*** DATA

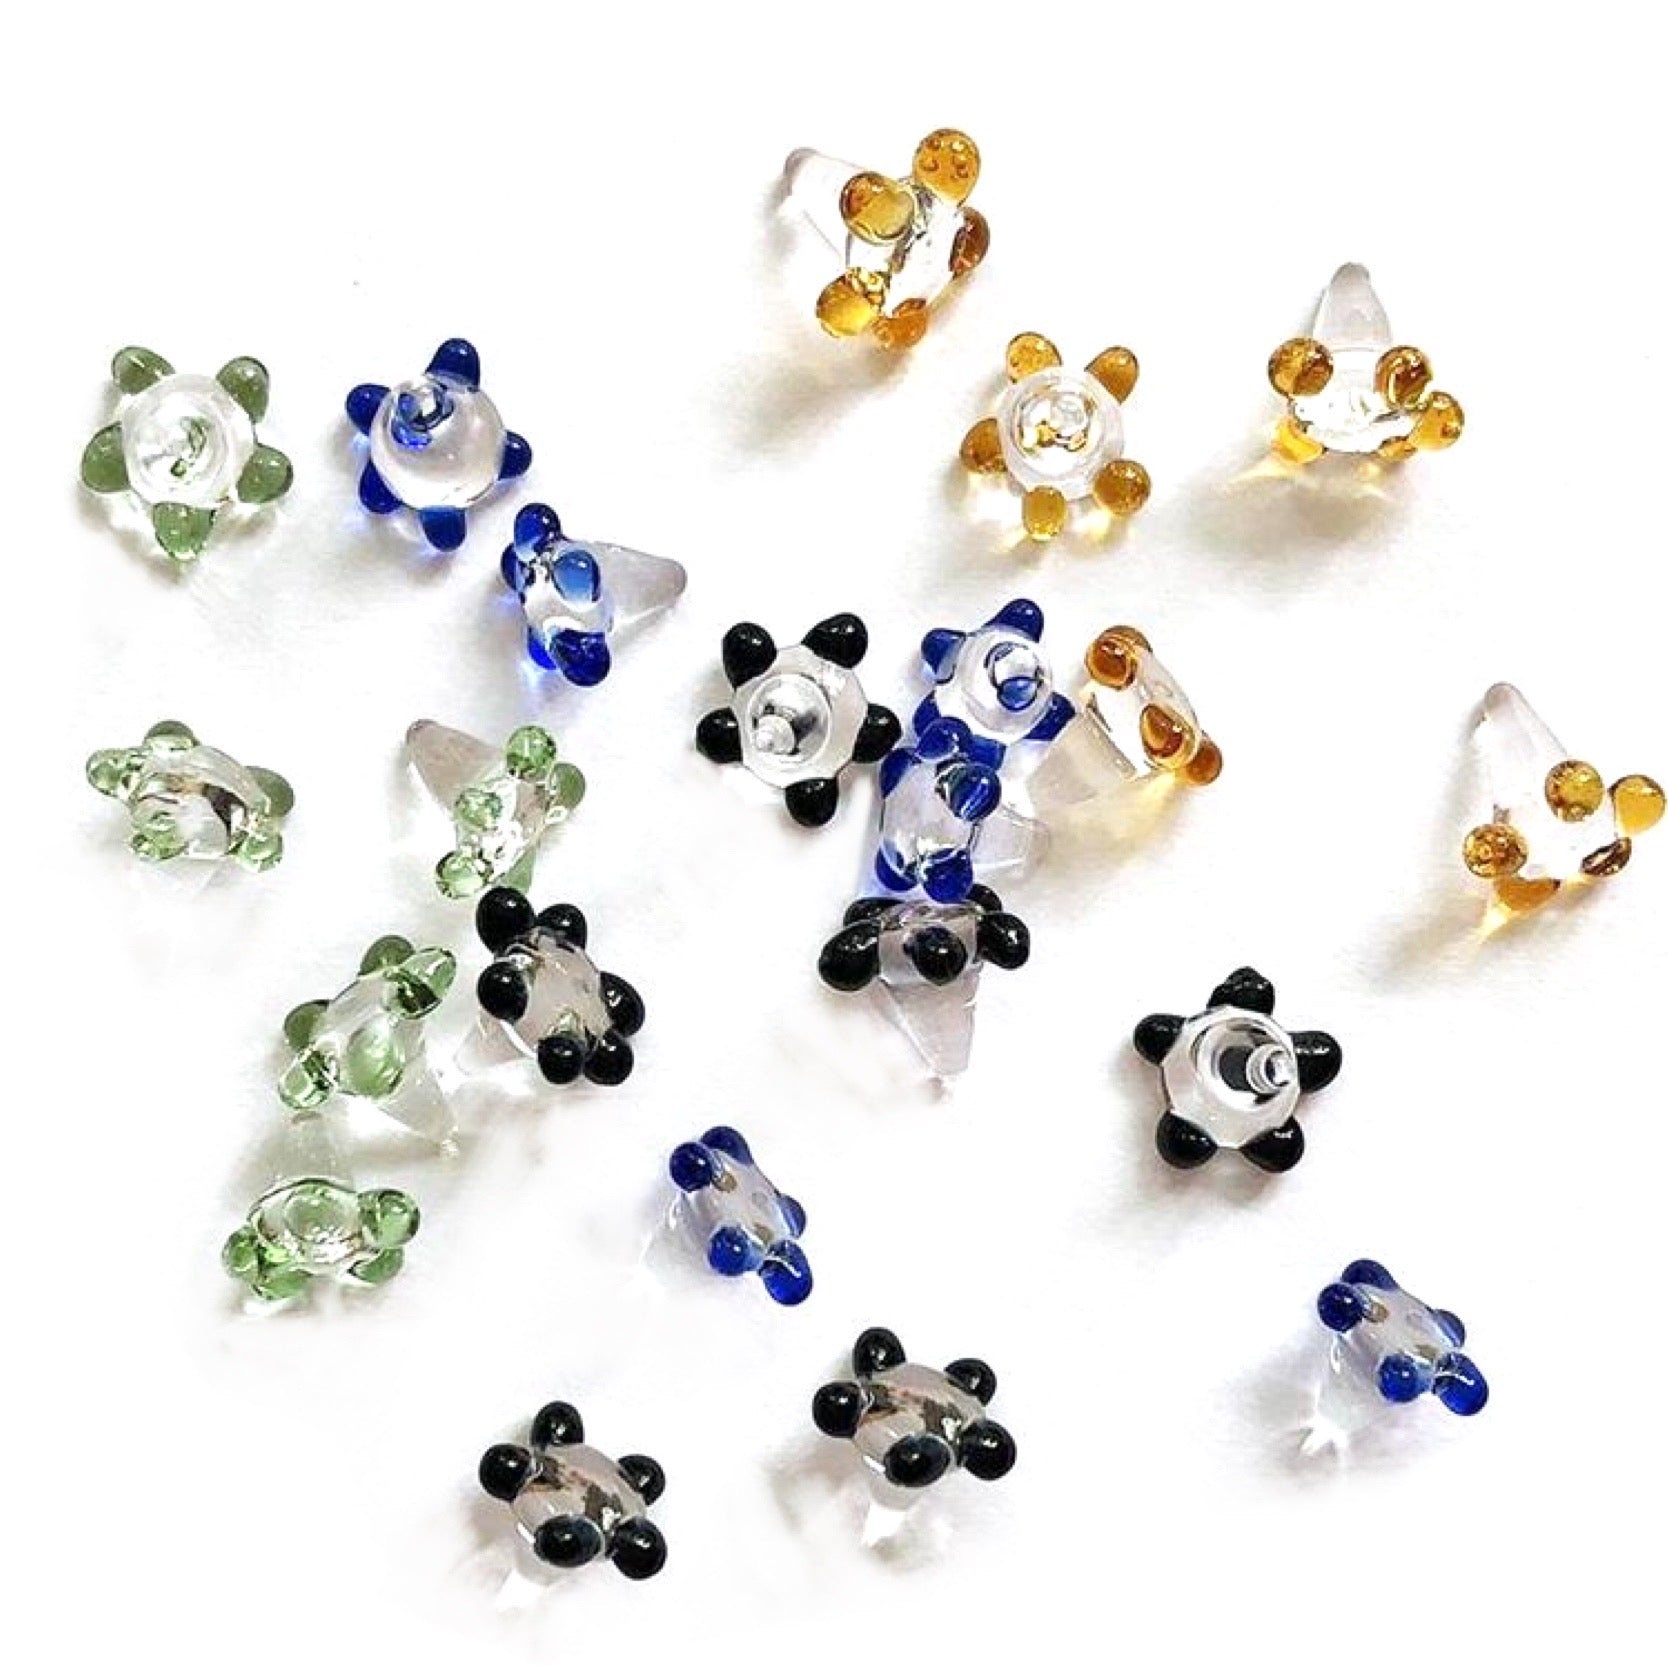 10 Premium Glass Daisy Pipe Screens (1/4 - 3/8) with Small
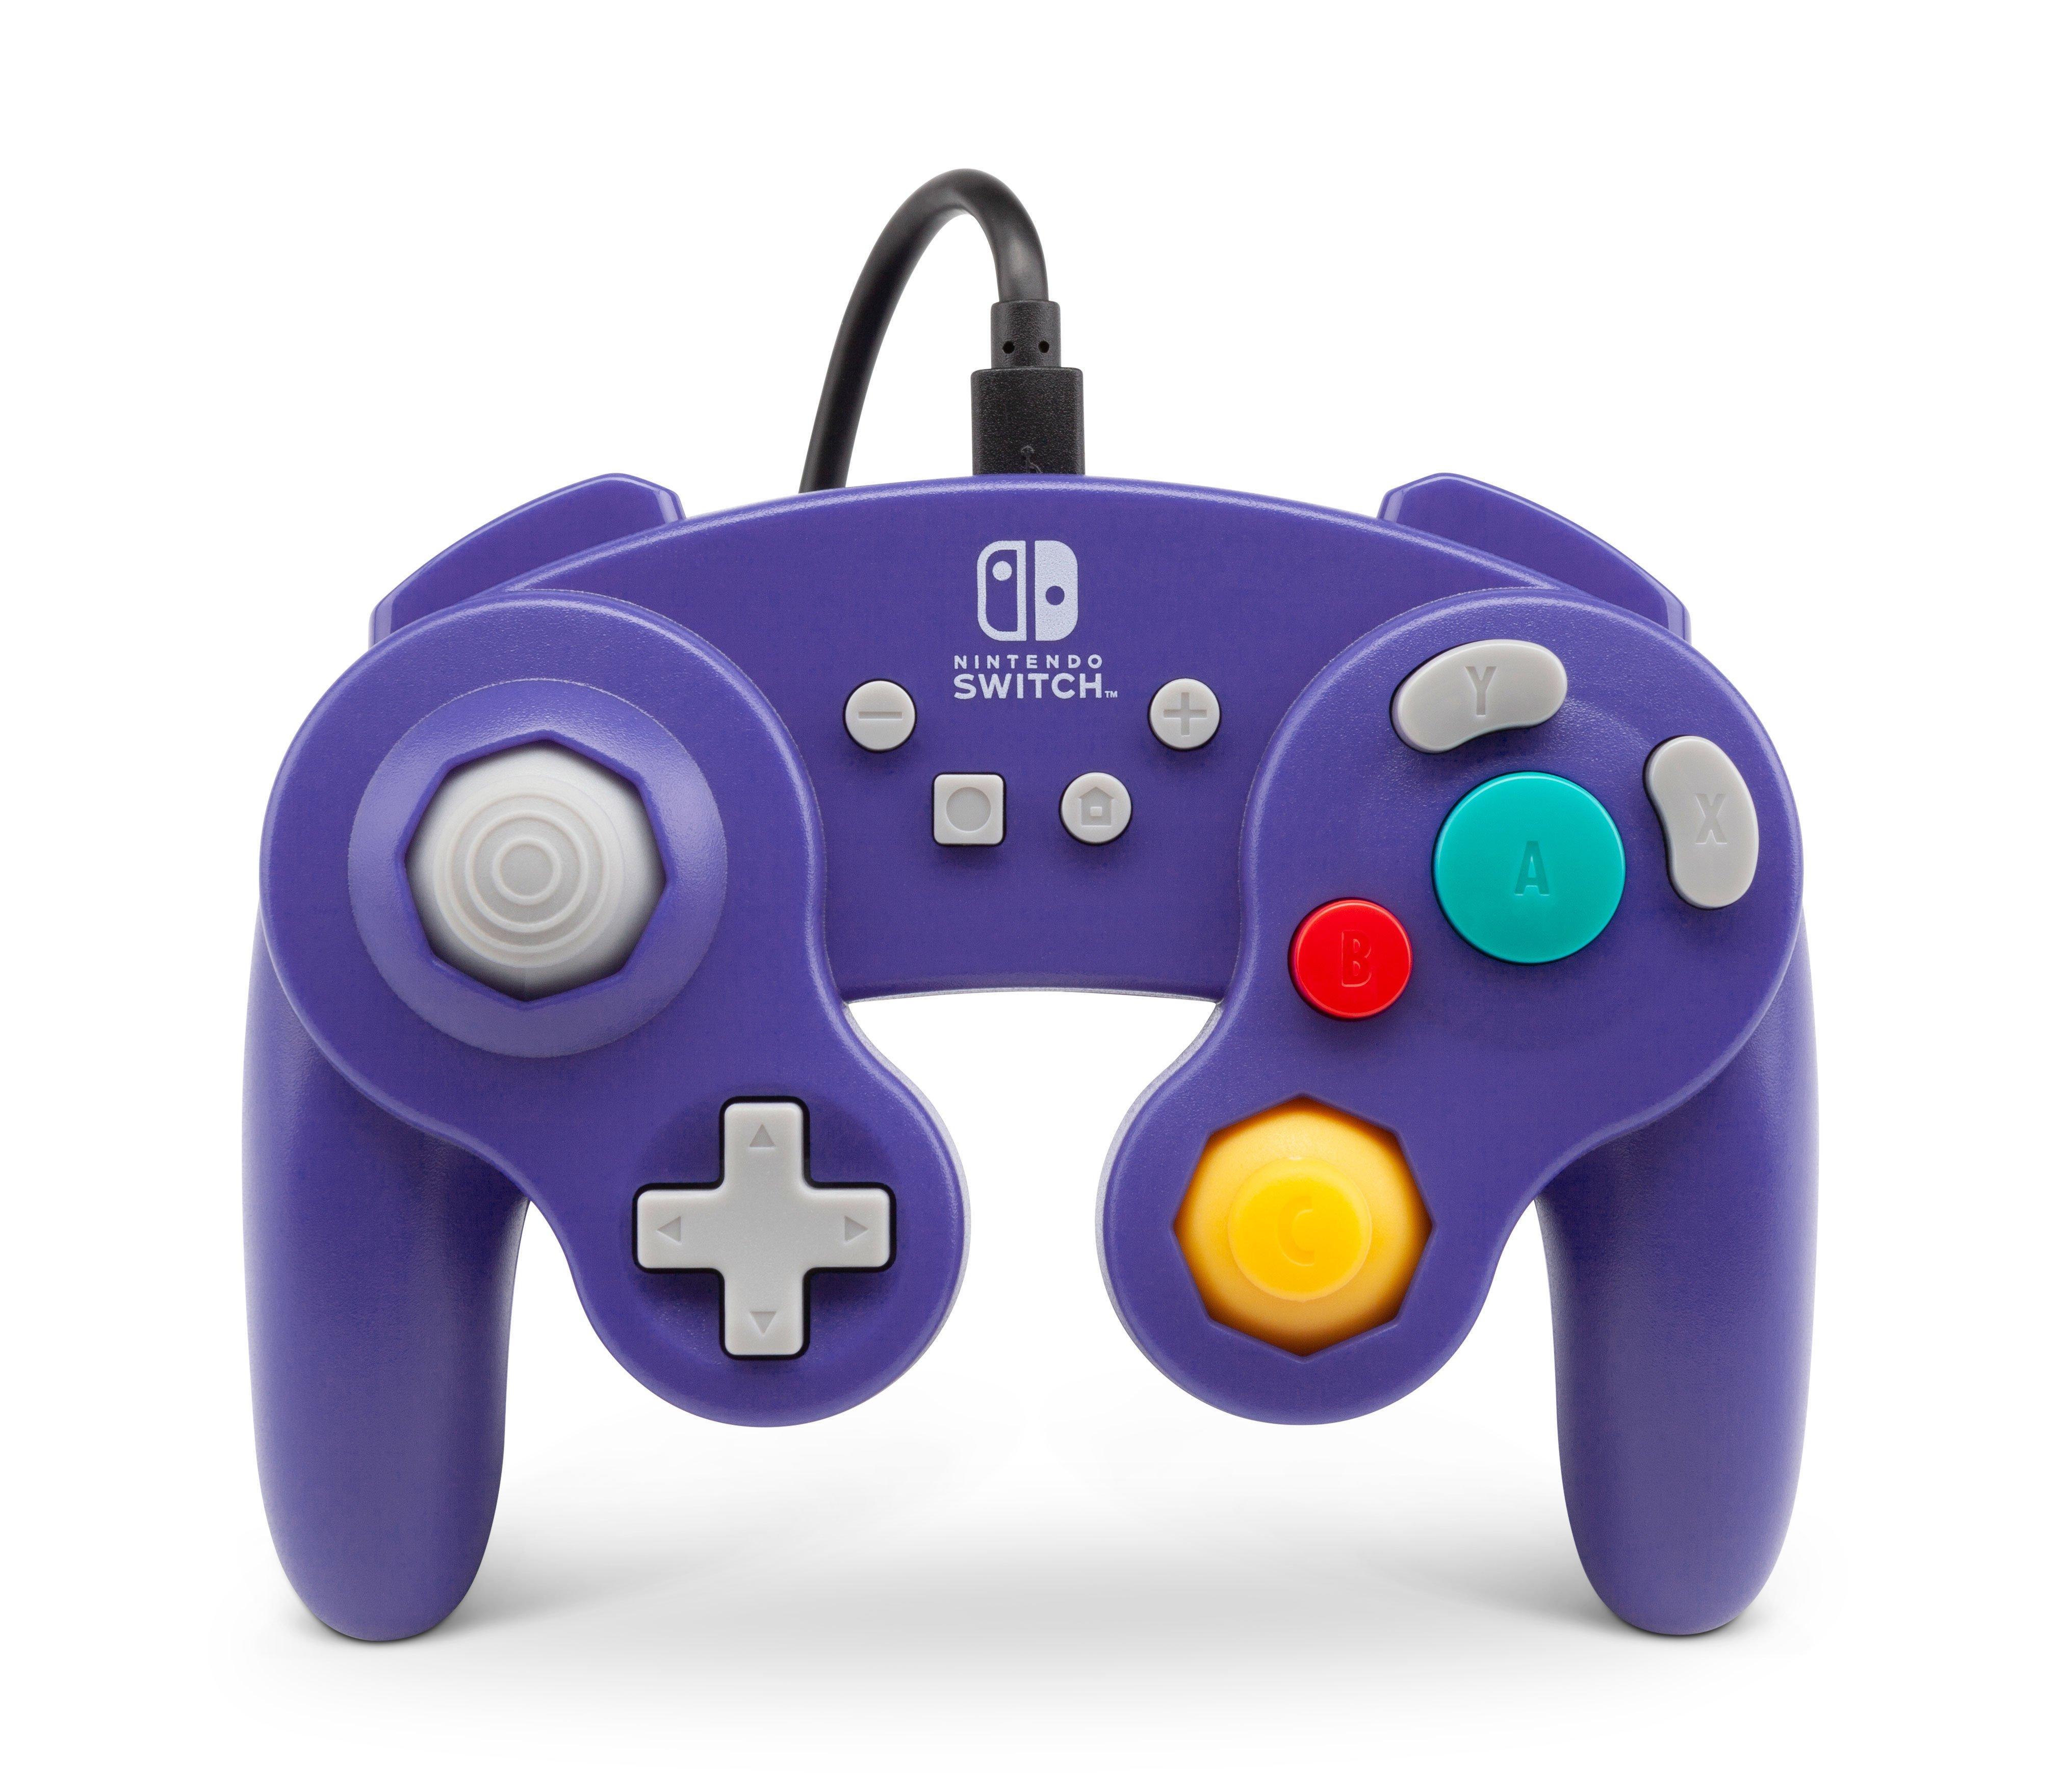 PowerA GameCube Style Wired Controller for Nintendo Switch - Purple |  GameStop
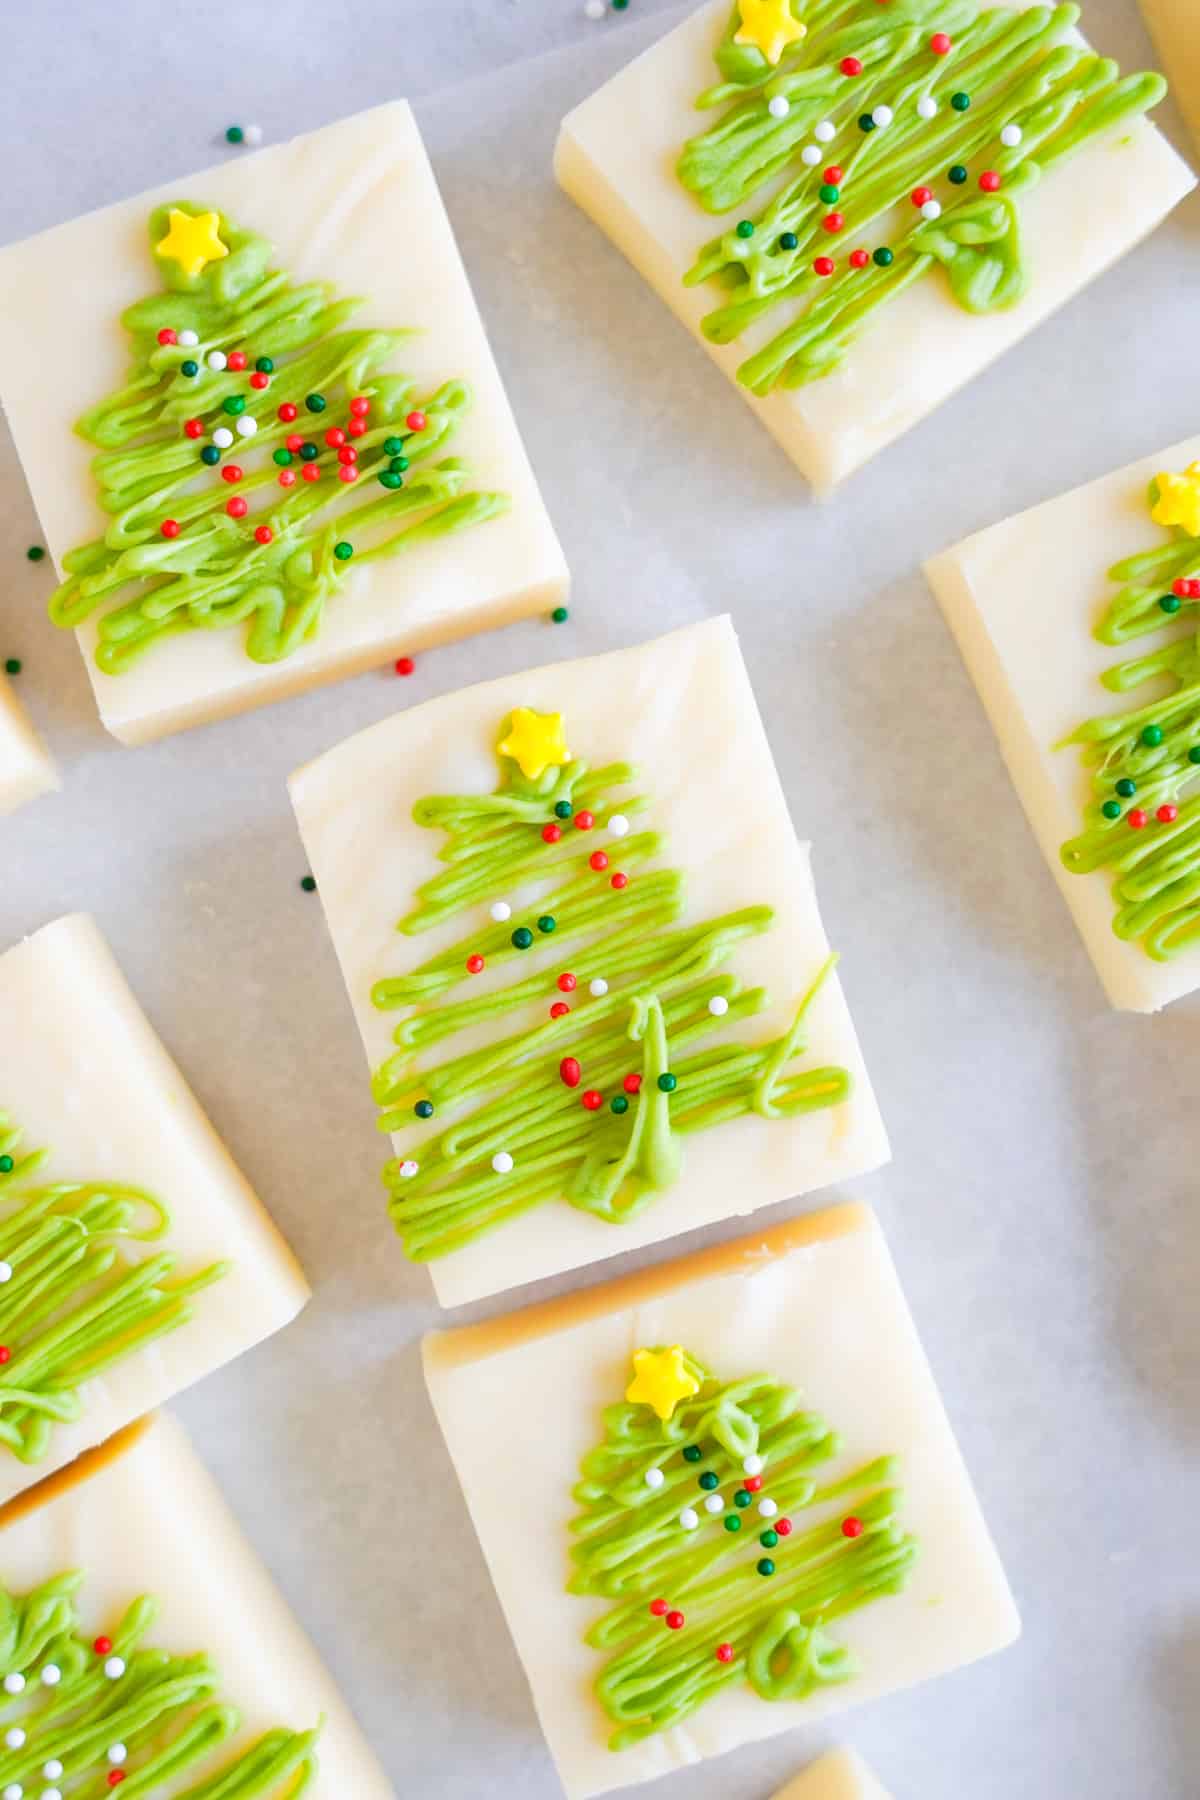 Pieces of vanilla fudge decorated with green chocolate Christmas trees and sprinkles.

******

_TASK TO CARRY OUT:_
Beginning with the line containing "PowerA GameCube Style" and ending with the last line of the data, output those lines exactly and nothing more. Omit every picture.

_RESULT:_
 PowerA GameCube Style Wired Controller for Nintendo Switch - Purple |  GameStop
 Pieces of vanilla fudge decorated with green chocolate Christmas trees and sprinkles.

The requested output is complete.